Nothing but the text of the listing, repeated exactly, belongs in the answer; leave the images out.

**Data provided**
------------------------------

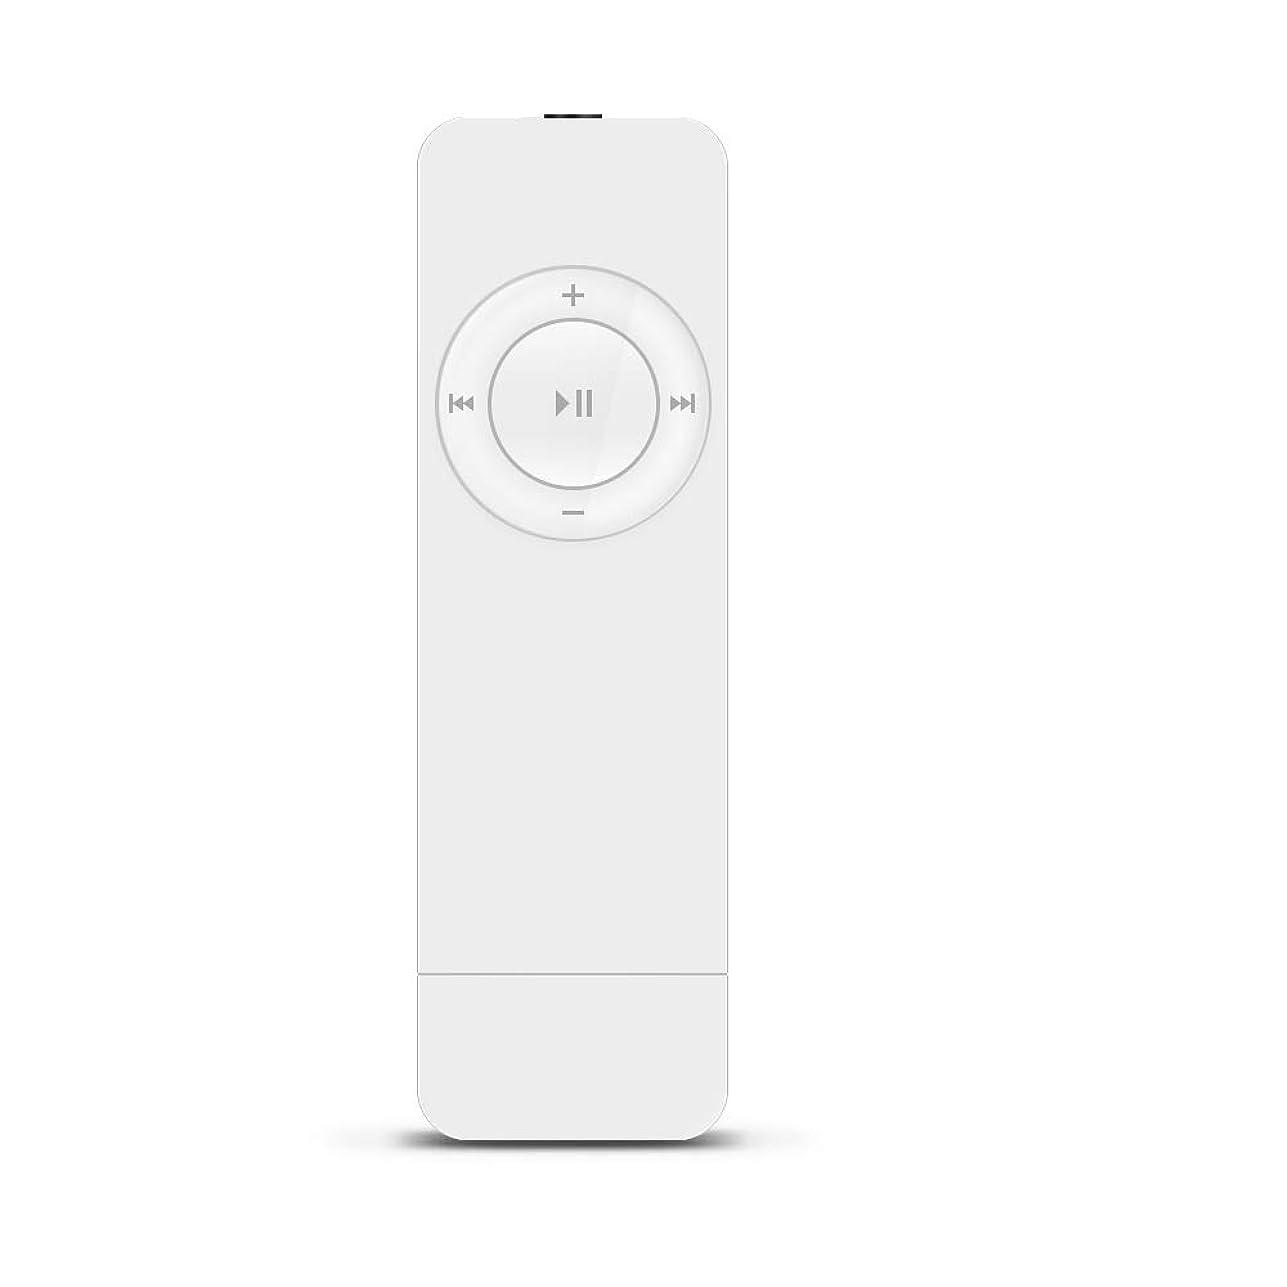 海永遠の月曜日MP3プレーヤーデジタルオーディオプレーヤー8GB内蔵小型超軽量音楽プレーヤーコンパクトUSB接続充電式HIFI高音質イヤホン付き携帯に便利スポーツ 日常 レジャー アウトドア オフィス用 (ホワイト)
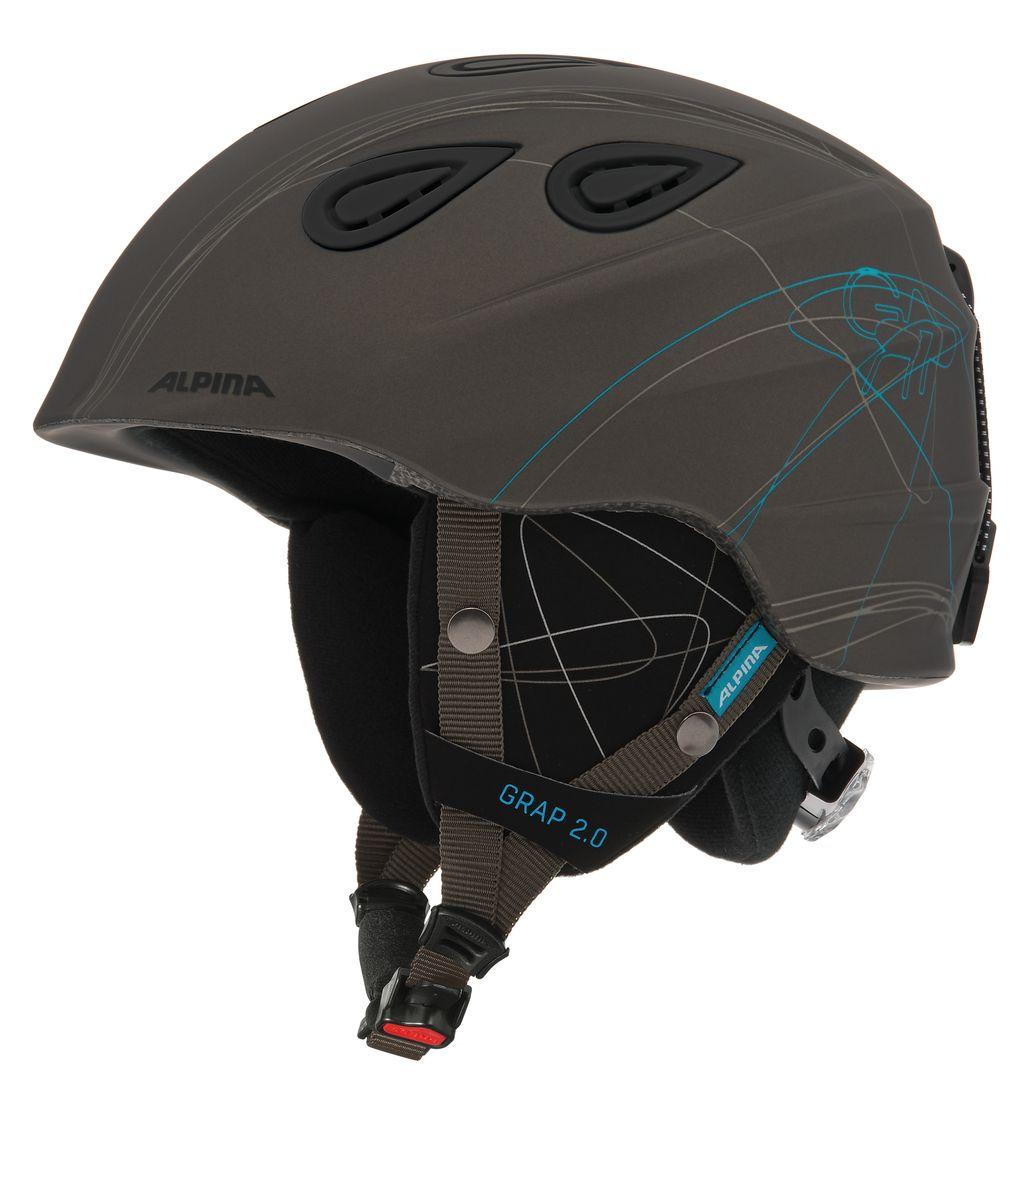 Шлем зимний Alpina  Grap 2.0 , цвет: серый. Размер 54-57. 9085_37 - Горные лыжи
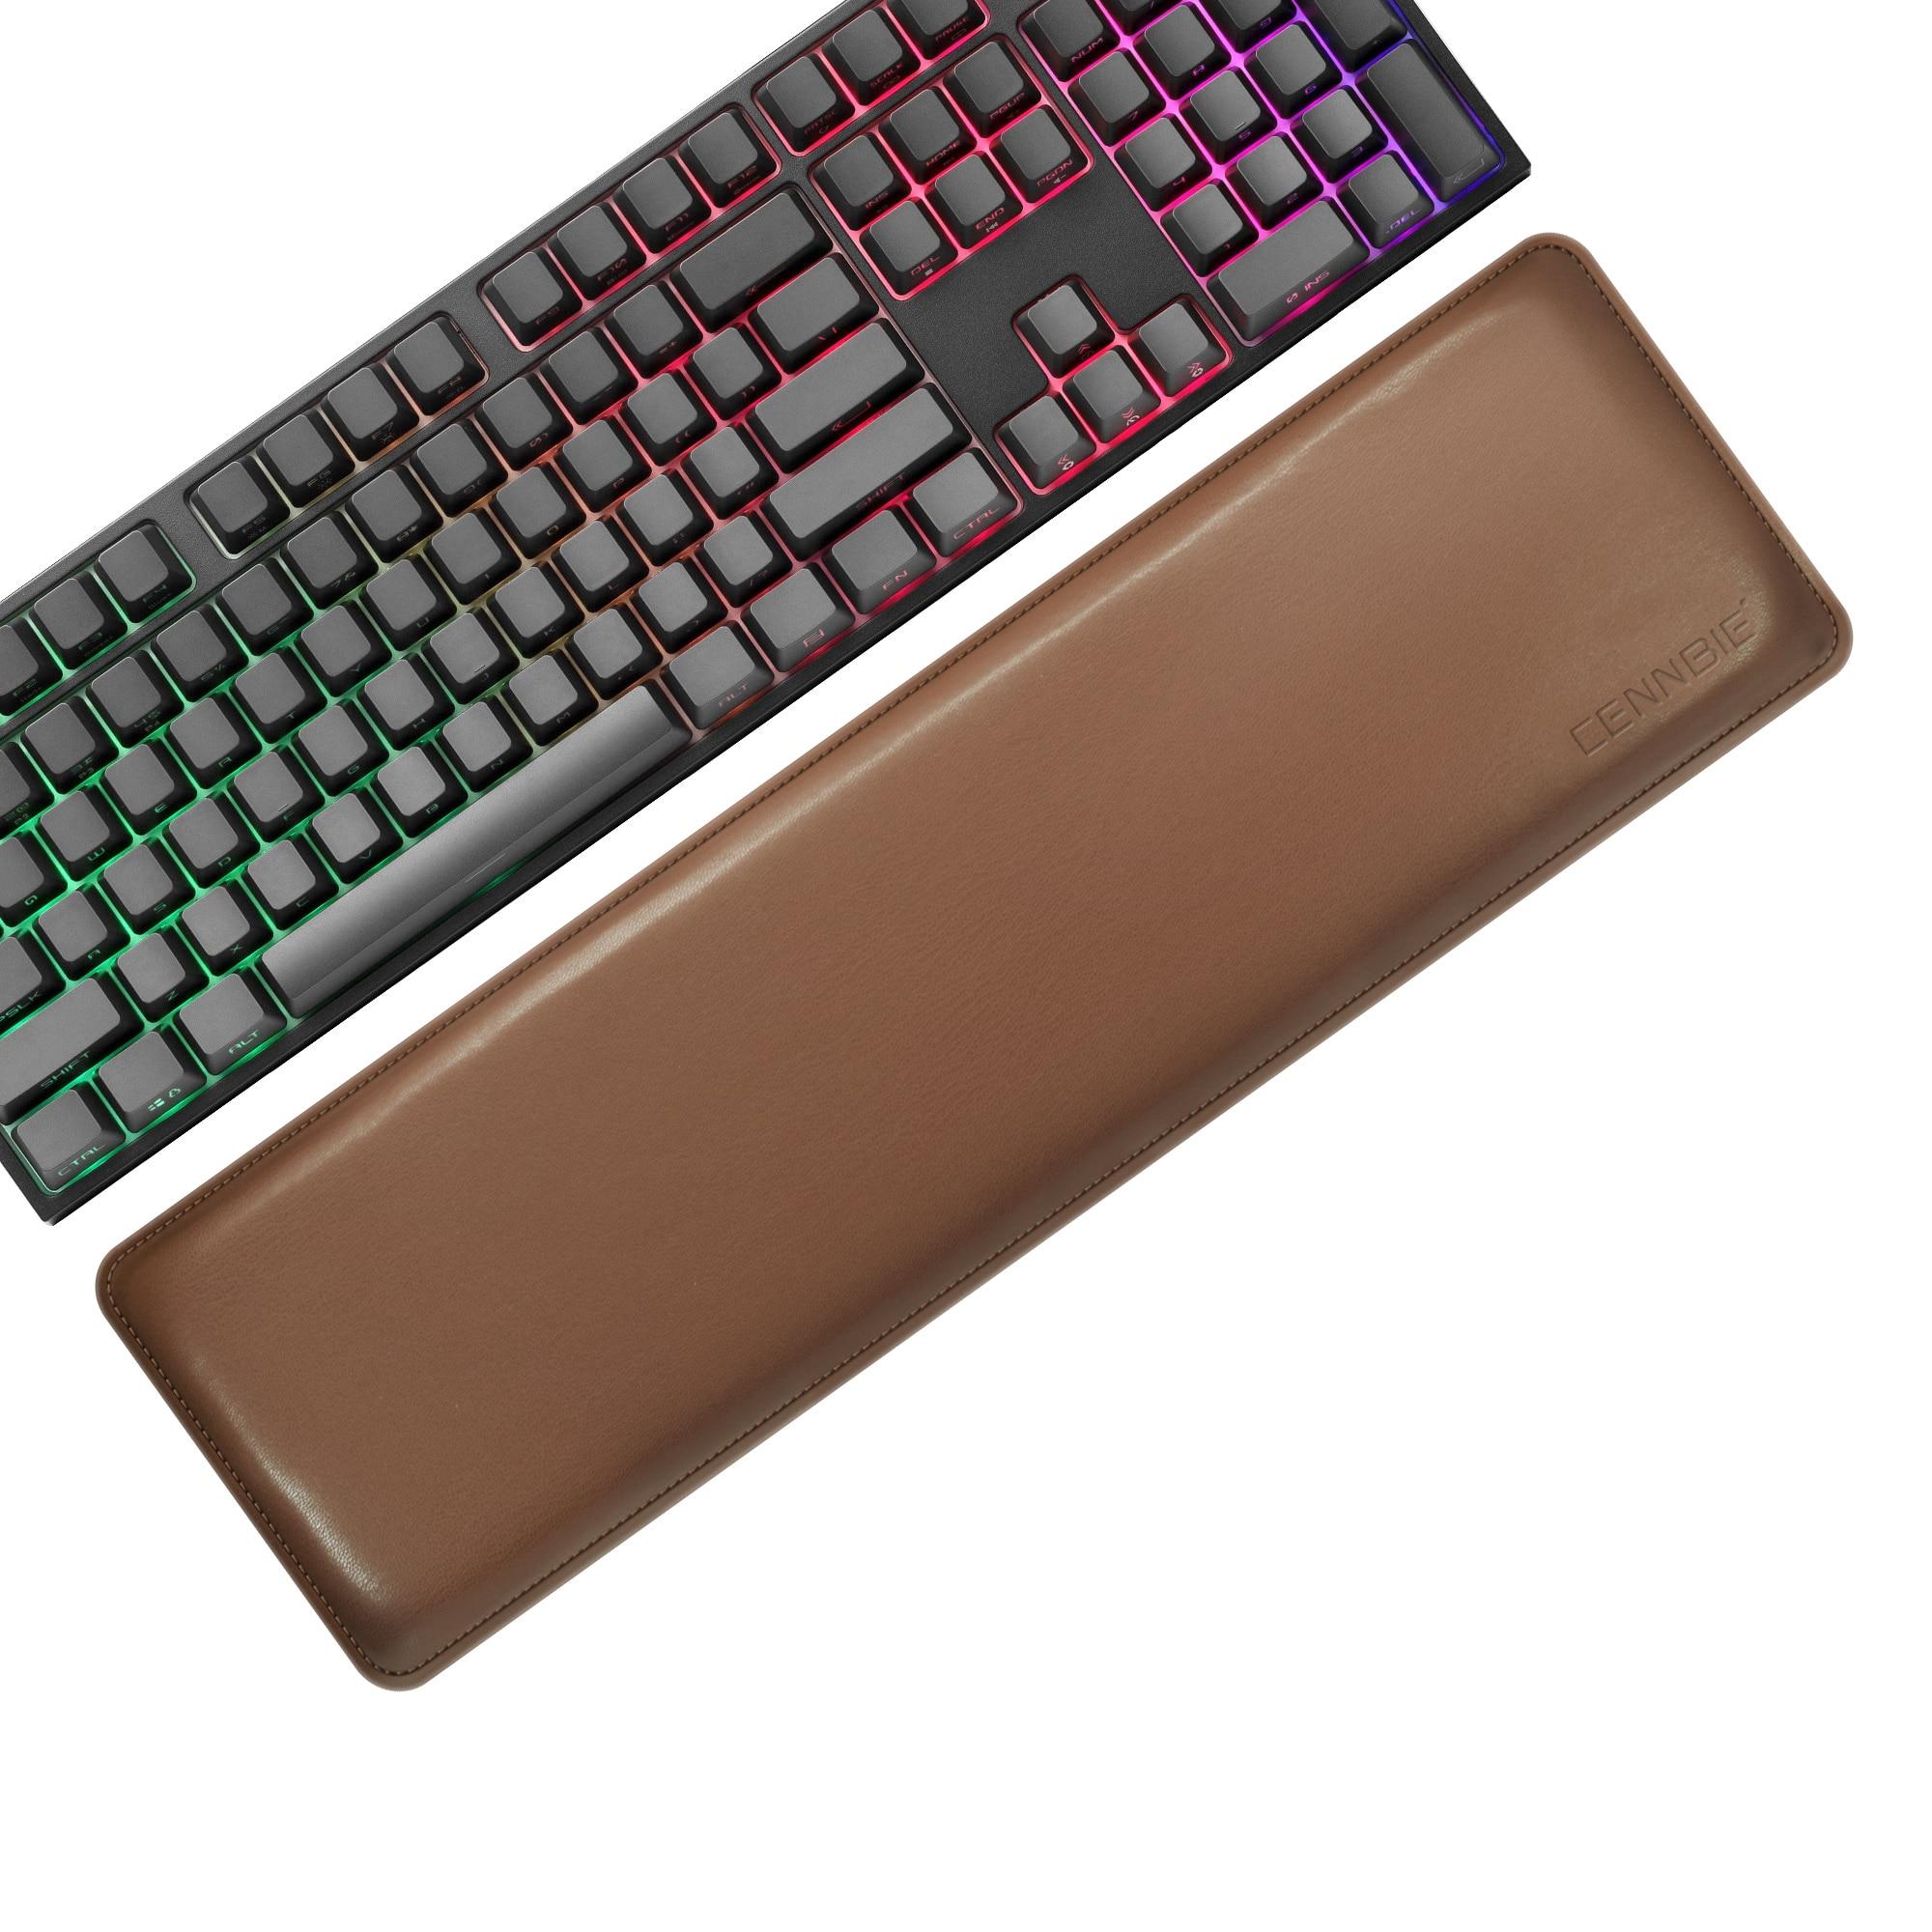 اضافية كبيرة دائم بولي Leather الجلود لوحة المفاتيح المعصم الراحة وسادة ، وسادة لوحة المفاتيح ، دعم المعصم لأجهزة الكمبيوتر المحمول والكمبيوتر

------------------------------

**Answer to this problem**
 海永遠の月曜日MP3プレーヤーデジタルオーディオプレーヤー8GB内蔵小型超軽量音楽プレーヤーコンパクトUSB接続充電式HIFI高音質イヤホン付き携帯に便利スポーツ 日常 レジャー アウトドア オフィス用 (ホワイト)
 Шлем зимний Alpina  Grap 2.0 , цвет: серый. Размер 54-57. 9085_37 - Горные лыжи
 اضافية كبيرة دائم بولي Leather الجلود لوحة المفاتيح المعصم الراحة وسادة ، وسادة لوحة المفاتيح ، دعم المعصم لأجهزة الكمبيوتر المحمول والكمبيوتر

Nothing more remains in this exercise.